Nothing in there is worth spending money on without the proper care. I hate when stores do this, I've been in a few deli's that sold stogies and they had the temperature sky high and the humidity out of control. If you're going to make money off them at least invest in some basic knowledge and equipment. Once I saw in a gas station a box of Macanudo's that had been sitting out on a shelf just in the open, dry as a bone.


----------



## rottenzombie (Jun 11, 2007)

chippewastud79 said:


> Despite not needing any more cigars, I went to a local liquor store today because it was next to the sandwich shop I had lunch at. They had a sign that they now carry cigars. Curiosity got to me. I was expecting nothing but Dog Rockets on a counter-top display, but turns out they really had a walk-in humidor. I use the term humidor loosely as it was meerly two walls in the corner made of pine on top of the ceramic floor. Wasn't looking good, but I walked in for fun. Wow, felt like I walked into a rain forrest, I was suprised there wasn't water dripping down the window. I saw they had a few cigars that might be worth spending money on, AF's, Monte's, Ashton etc. Nothing high end or anything. As I was leaving, I realized that there was humidity gauge on one of the two humidifiers they had running non-stop, and it read 78% humidity. Nothing like extra squishy cigars.

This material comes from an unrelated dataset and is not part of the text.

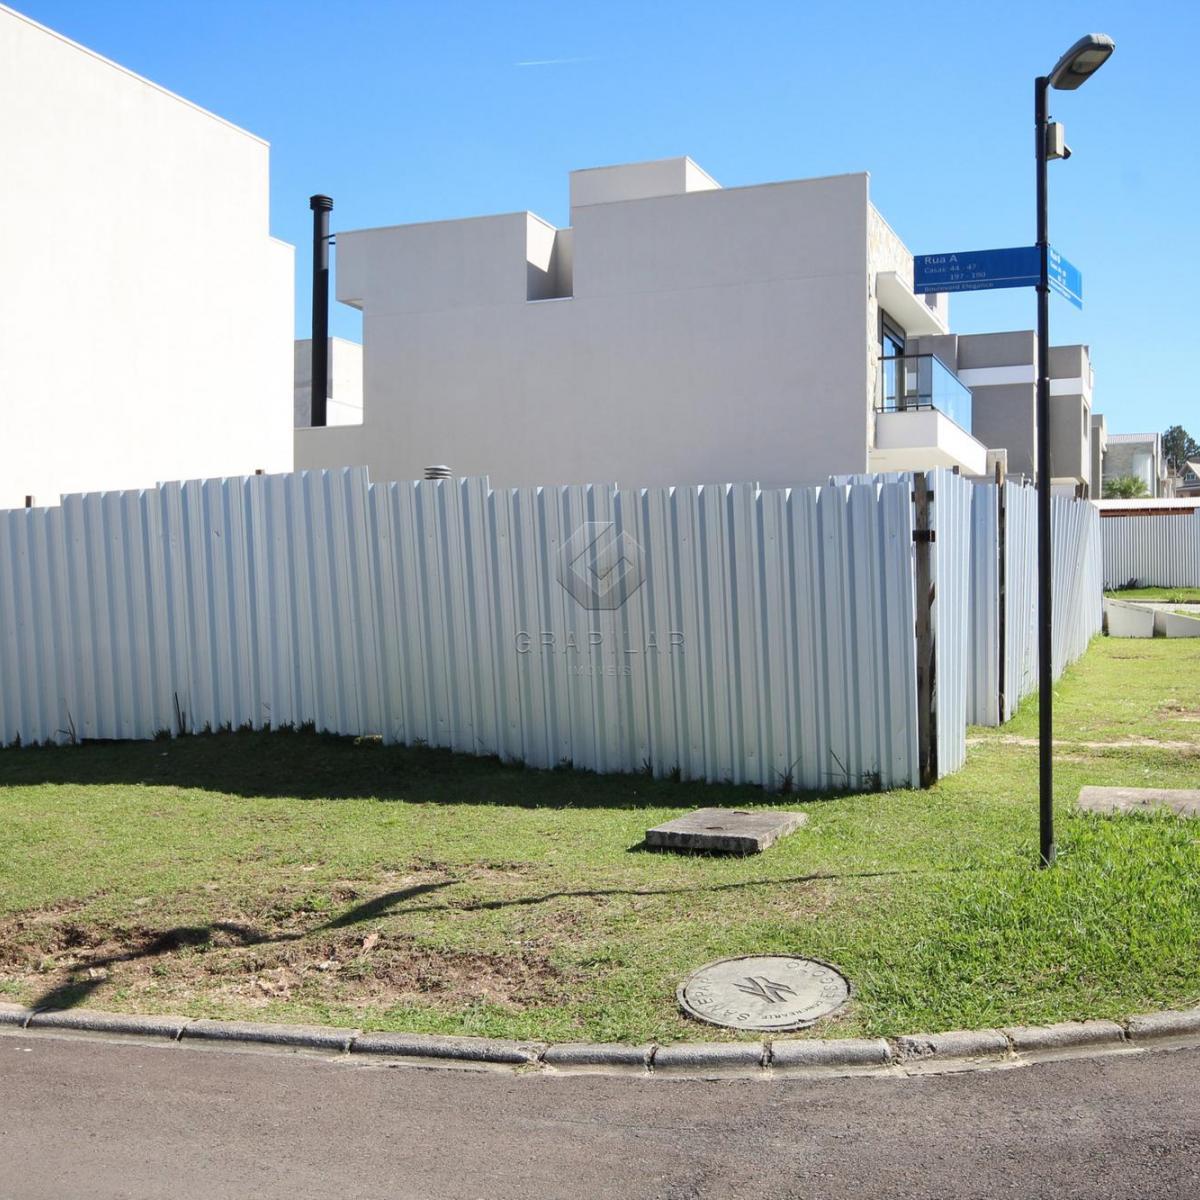 http://www.infocenterhost2.com.br/crm/fotosimovel/541483/114160662-terreno-em-condominio-curitiba-bairro-alto.jpg

Mmmmmm extra squishy cigars ,, My favorite  :r:r


----------



## Troop_lee (Aug 10, 2007)

My local ABC Liquor Store has a really nice walk in humidor with a great selection of cigars (at reasonable prices). They also keep the RH at 70%. I know what you mean though about dog rockets and improperly cared for sticks. That how I see them at Most Liquor stores.


----------



## Tuxguy (Jun 5, 2007)

Troop_lee said:


> My local ABC Liquor Store has a really nice walk in humidor with a great selection of cigars (at reasonable prices). They also keep the RH at 70%. I know what you mean though about dog rockets and improperly cared for sticks. That how I see them at Most Liquor stores.


Yep when I lived in Florida the ABC by me had a nice walk in with sales all the time and they were perfect consistance


----------



## RPB67 (Mar 26, 2005)

Make a nice sponge to wash the car with.


----------



## vintagejc (Oct 7, 2007)

There is a store here called Total Wine that has a great selection and a well maintained humidor. It's like a mega store for wine, beer, liquor and cigars.


----------



## Tricker-cl (Jun 22, 2007)

Thats how I like my women also, squishy and hot!!


----------



## Marlboro Cigars-cl (Feb 19, 2007)

I once bought a pair of Double Chateaus from a Liquor Store.
Didn't taste quite the same; never again..


----------



## Cigary (Oct 19, 2007)

Same here in the Marietta, Ga. area,,,love their prices on both wine and cigars.


----------



## icehog3 (Feb 20, 2005)

TRicker said:


> Thats how I like my women also, squishy and hot!!


Stay away from Bea Arthur.


----------



## vstrommark (Oct 25, 2007)

icehog3 said:


> Stay away from Bea Arthur.


There's a Rodney Carrington joke hiding in there some place.

[if you have never heard of him, google is your friend]


----------



## dayplanner (Dec 11, 1997)

that isn't necessarily a bad thing. If you like to beat your kids with a nice fat stogie, i've found its better to use a more moist cigar. A dry stogie cracks and falls apart (and of course, leaves bruises.)

I personally use a Montecristo white churchill stored at constant 75% RH. I keep it in the basement where its cold to prevent mold though, dont want it hurting the kids.


----------